कुल लागत ~ ₹9994 है → बजट से कम → valid.

energy सबसे कम (सबसे अच्छा)।

expected return बहुत ज्यादा आया क्योंकि यह मॉडलिंग डेटा से annualized किया गया है।

risk-value और return-value दोनों अच्छे संतुलन में मिलने के कारण यही समाधान टॉप पर आया।

## How to switch to D-Wave QPU later
When you receive your Leap API token and configure auth (`dwave auth login` or env vars), replace the sampler creation cell with the following:

```python
from dwave.system import DWaveSampler, EmbeddingComposite
sampler = EmbeddingComposite(DWaveSampler())
# then call: sampleset = sampler.sample(bqm, num_reads=NUM_READS)
```

No other changes are required to the BQM or parsing logic.

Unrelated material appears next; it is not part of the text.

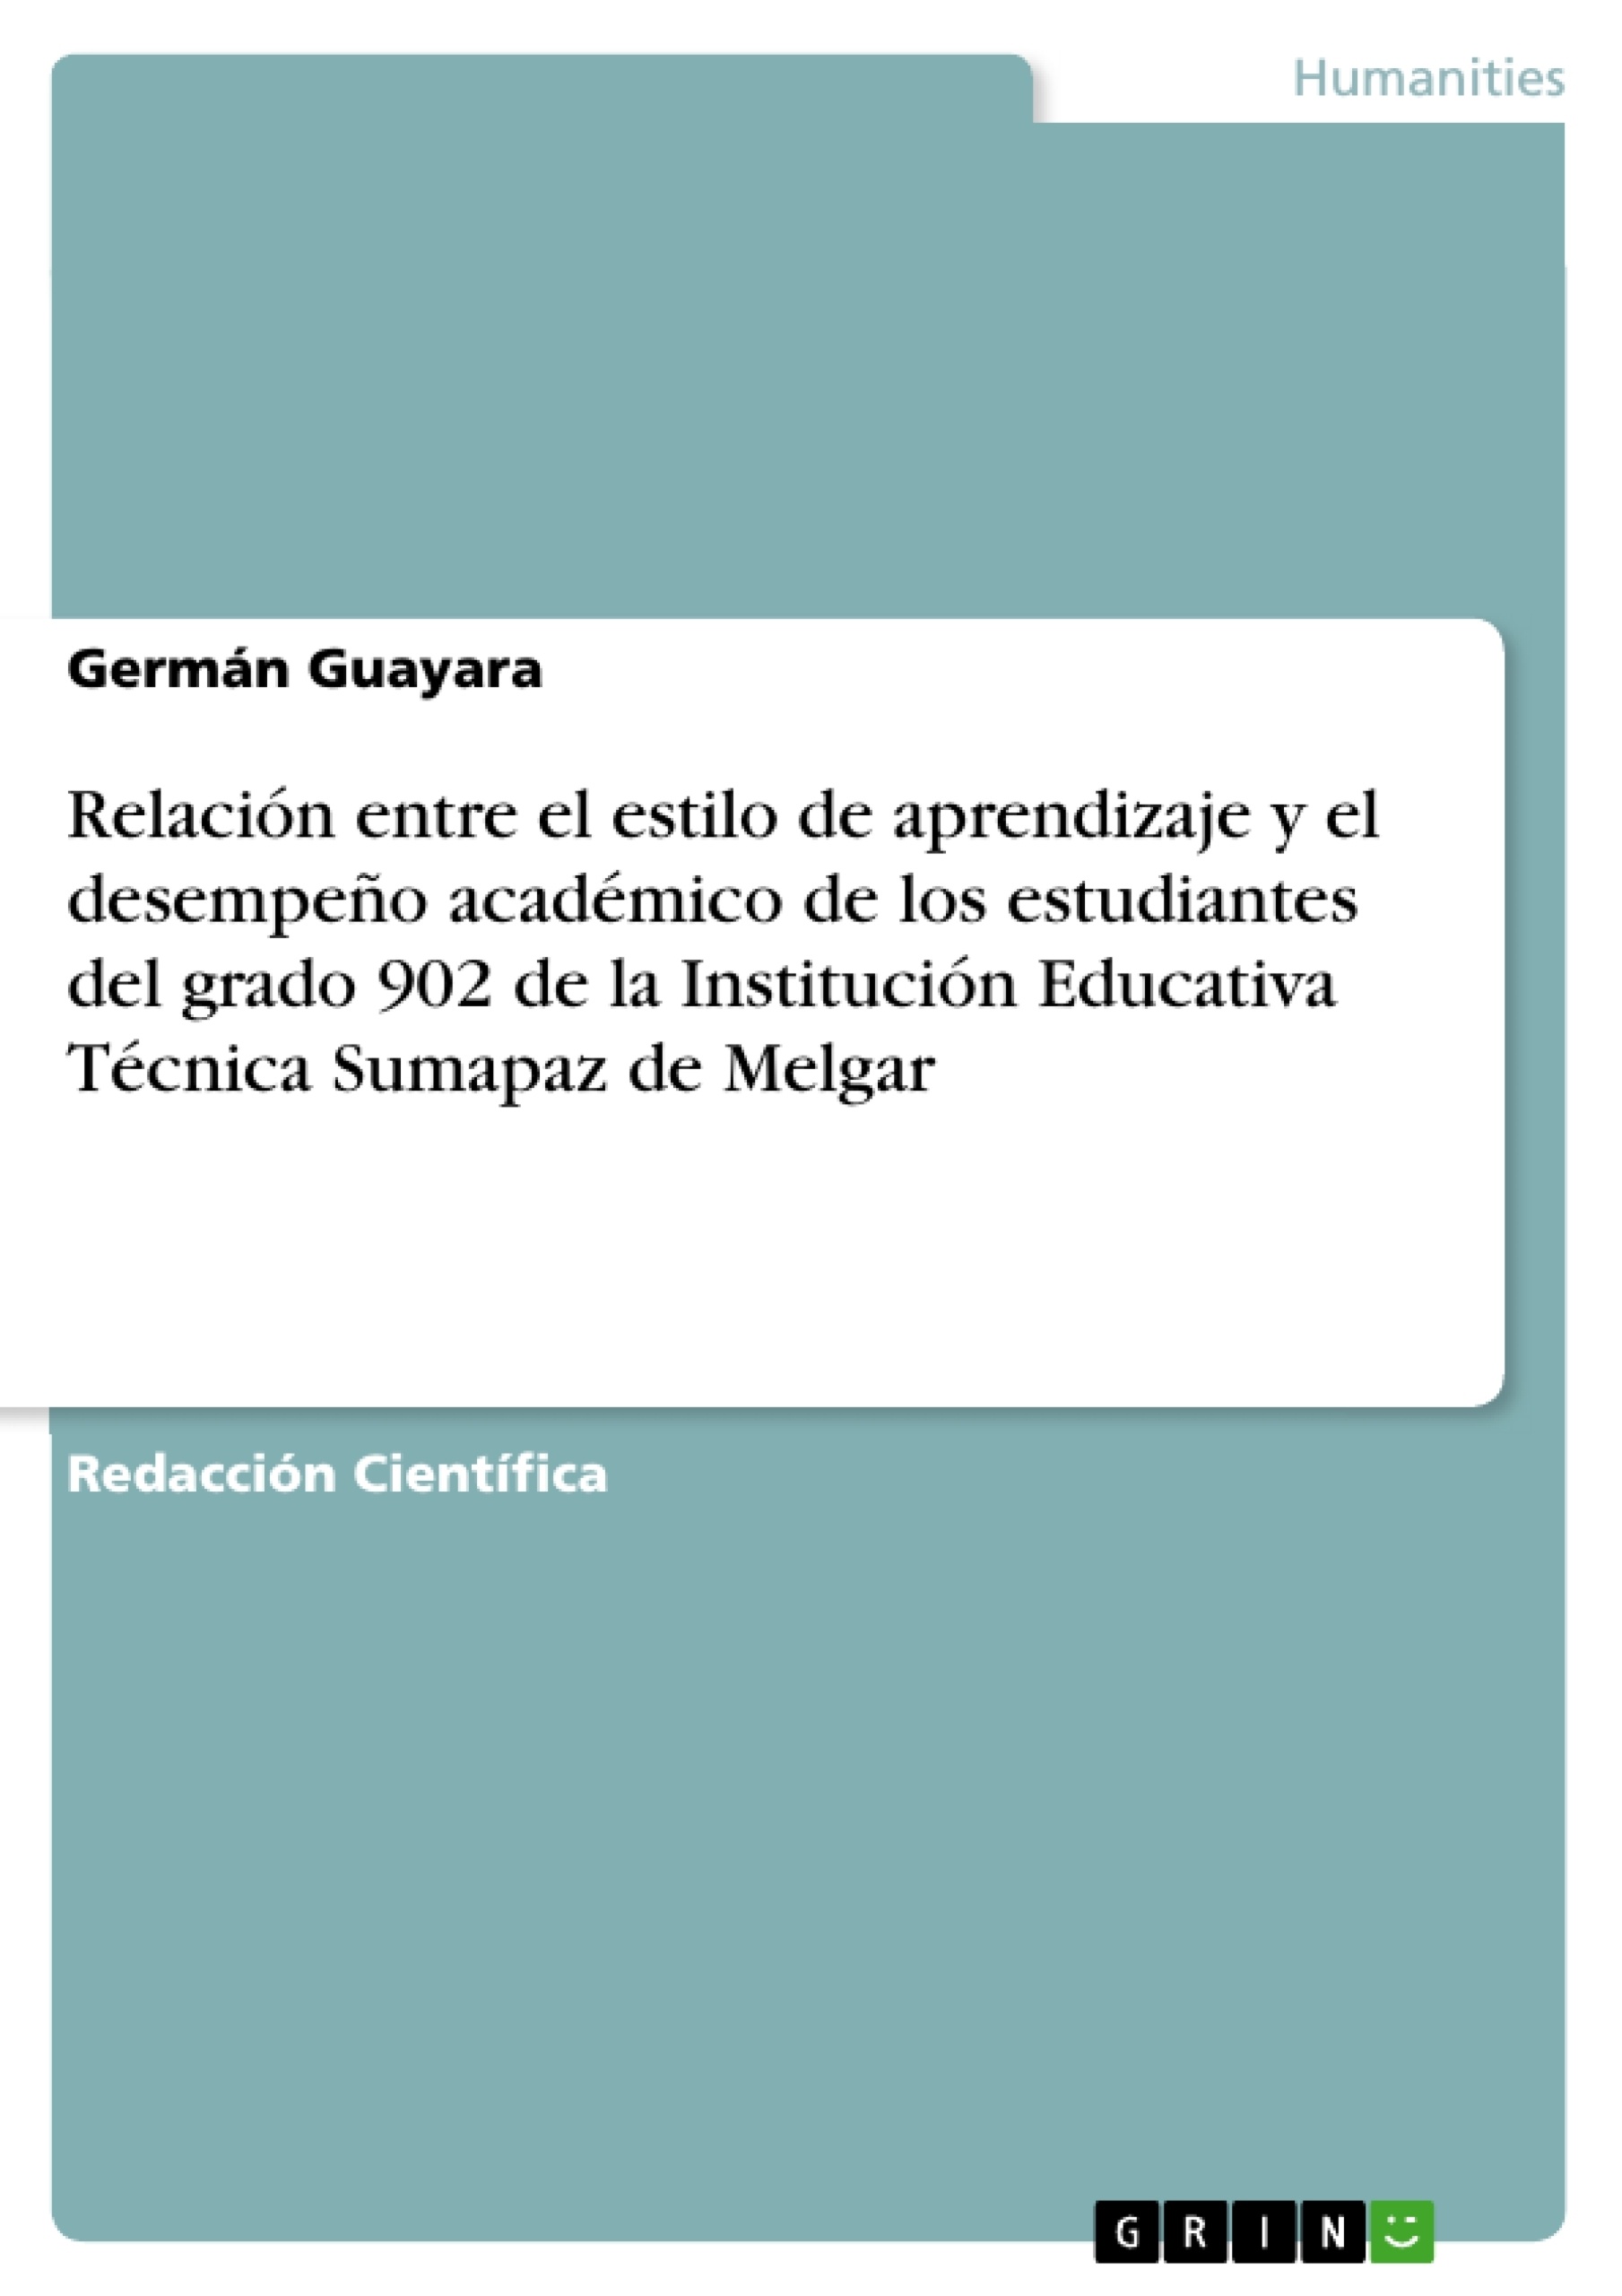 Título: Relación entre el estilo de aprendizaje y el desempeño académico de los estudiantes del grado 902 de la Institución Educativa Técnica Sumapaz de Melgar

## Notes & Next steps (for PR)
- This notebook is PR-ready: add it to `examples/` and reference it in README under "Simulator examples".
- Consider adding `requirements-dev.txt` listing `yfinance, dimod, dwave-neal (optional), numpy, pandas`.
- Add a short unit test that the notebook runs without raising (CI can use `nbconvert --execute` on a trimmed version).
- Tuning: penalty `P`, `NUM_READS`, and `RISK_FACTOR` are the main knobs.